7. A method for secure data exfiltration from a closed
communications network or system, the method comprising:
exfiltration of data by an exfiltration device from one or more of
computers or computing devices of a closed communications network
or system to one or more of computers or computing devices on
another communications network or system; and receiving the data
for exfiltration based on control from the exfiltration device by
an internal or external secure data storage device coupled to the
exfiltration device and the other communications network or
system.
8. A computer program product for secure data exfiltration from a
closed communications network or system, and including one or more
computer readable instructions embedded on a computer readable
medium and configured to cause one or more computer processors to
perform the steps of: exfiltration of data by an exfiltration
device from one or more of computers or computing devices of a
closed communications network or system to one or more of computers
or computing devices on another communications network or system;
and receiving the data for exfiltration based on control from the
exfiltration device by an internal or external secure data storage
device coupled to the exfiltration device and the other
communications network or system.
Description
CROSS REFERENCE TO RELATED DOCUMENTS
[0001] The present invention claims benefit of priority to U.S.
Provisional Patent Application Ser. No. 61/035,352 of Sheymov,
entitled "METHOD AND SYSTEM FOR SECURE DATA EXFILTRATION FROM A
CLOSED NETWORK OR SYSTEM," filed on Mar. 10, 2008, the entire
disclosure of which is hereby incorporated by reference herein.

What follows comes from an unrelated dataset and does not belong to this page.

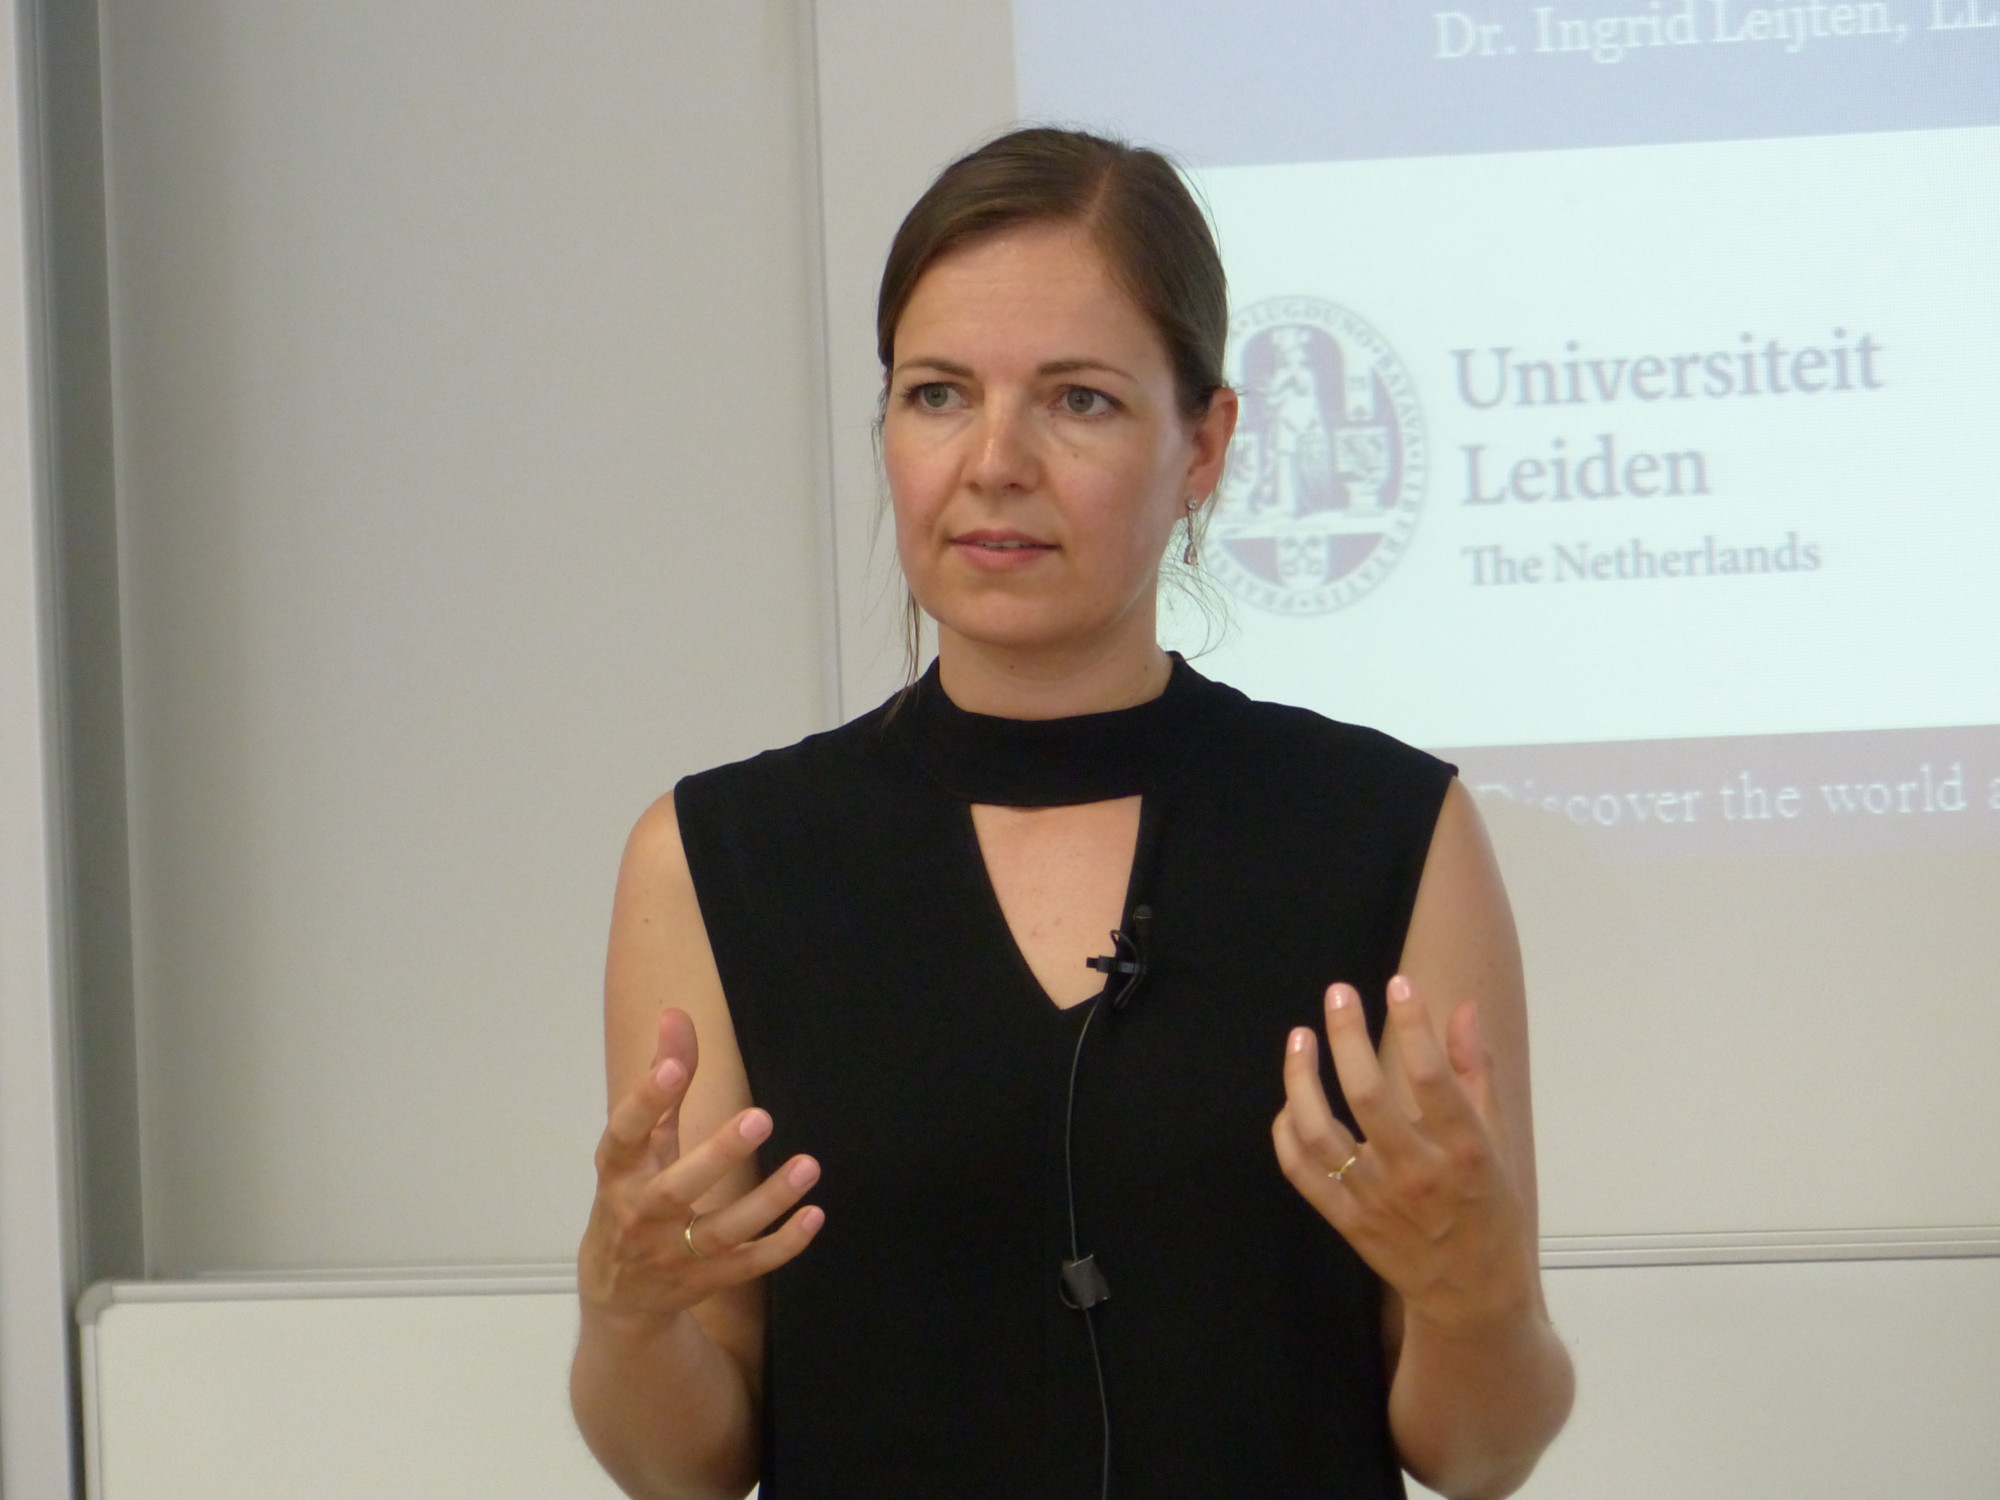 Ingrid Leijten giving her lecture on core socioeconomic rights
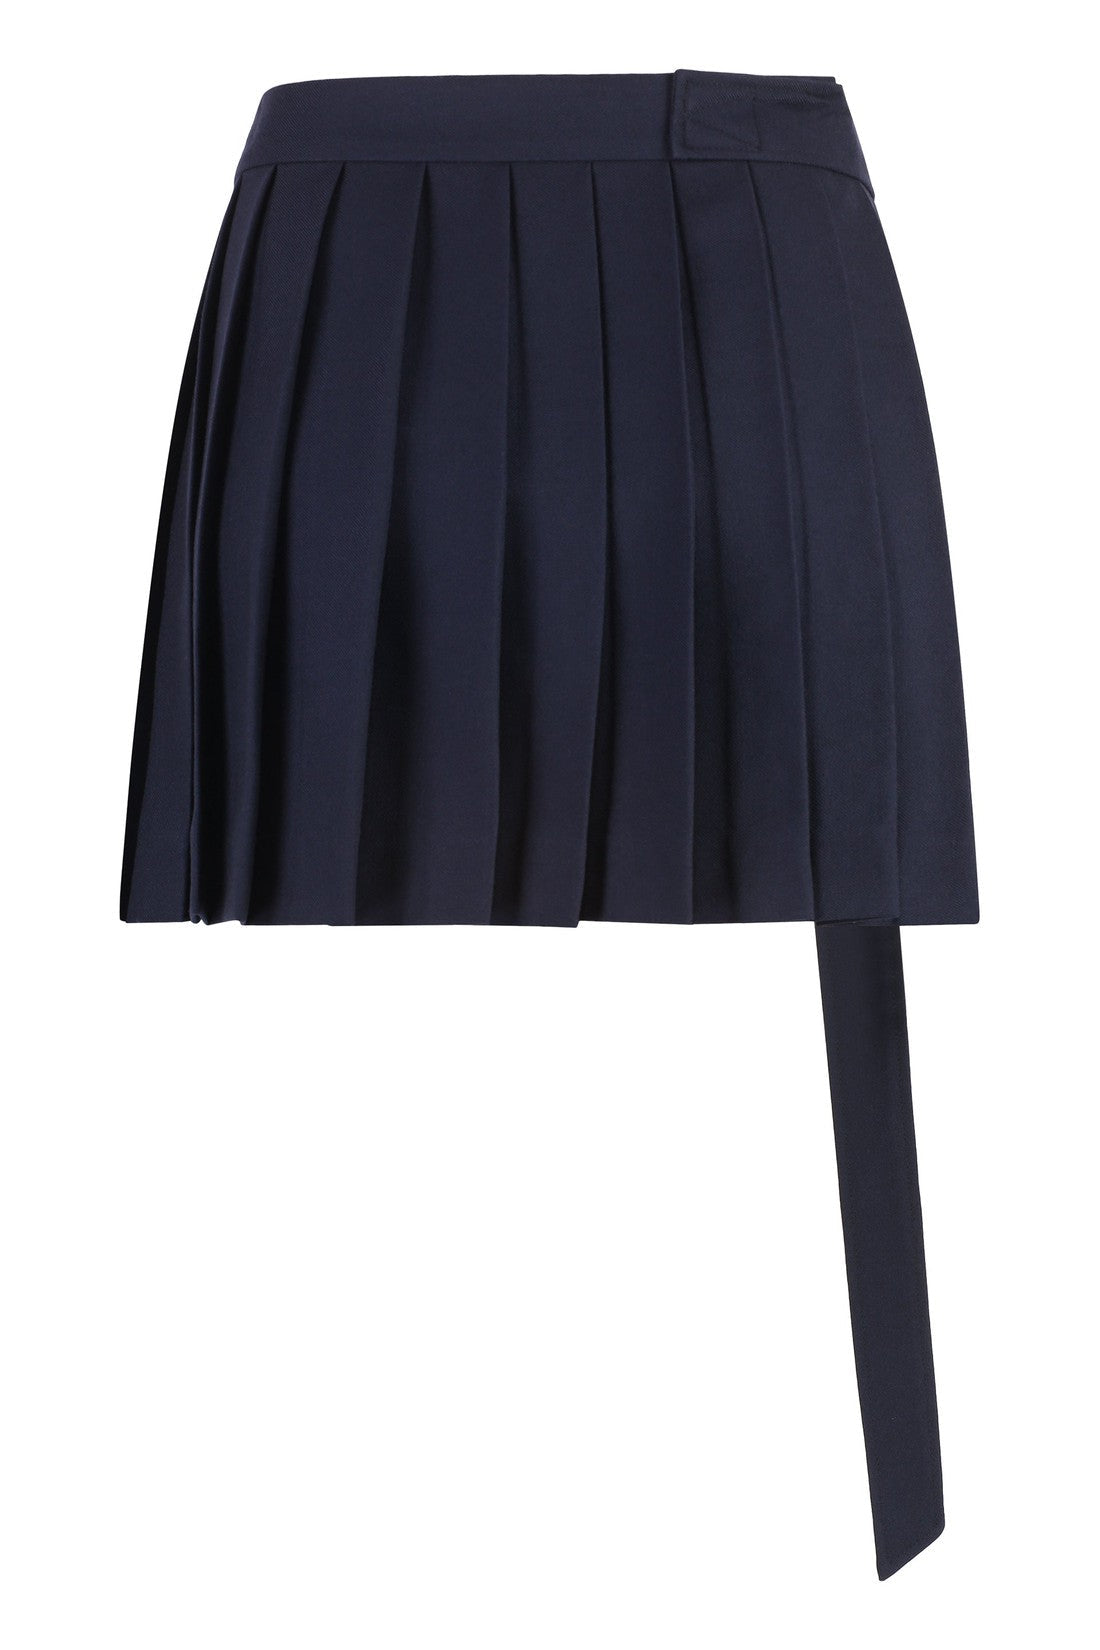 Pleated-skirt-AMI-PARIS-designer-outlet-archivist-2_b3e5c510-178e-40be-b614-18576d03e4b7.jpg

BACKGROUND OF THE INVENTION
[0002] 1. Field of the Invention
[0003] The present invention generally relates to systems and
methods for secure communications, and more particularly to a
system and method for secure data exfiltration from a closed
communications network or system, such as a Systems Control And
Data Acquisition (SCADA) system, an InvisiLAN system, and the
like.
[0004] 2. Discussion of the Background
[0005] In recent years, closed or secure systems and networks have
found more and more real world applications. For example, a Systems
Control And Data Acquisition (SCADA) system includes a closed or
secure system and network used as a control and management solution
in a wide range of critical industries, such as water management
systems, gas and electric power distribution systems, traffic
signaling systems, mass transit systems, environmental control
systems, manufacturing systems, financial infrastructure systems,
and the like. Similarly, an InvisiLAN system or network includes a
closed system or network that employs Variable Cyber Coordinates
(VCC) for a transmitter and receiver and which are not constant,
but rather are constantly, and rapidly changing, wherein new
coordinates are communicated only to authorized parties. The Cyber
Coordinates can include any suitable address employed in any
suitable communications system, such as a computer IP address or
port, a telephone number, a Media Access Control (MAC) address,
Ethernet Hardware Address (EHA), and the like.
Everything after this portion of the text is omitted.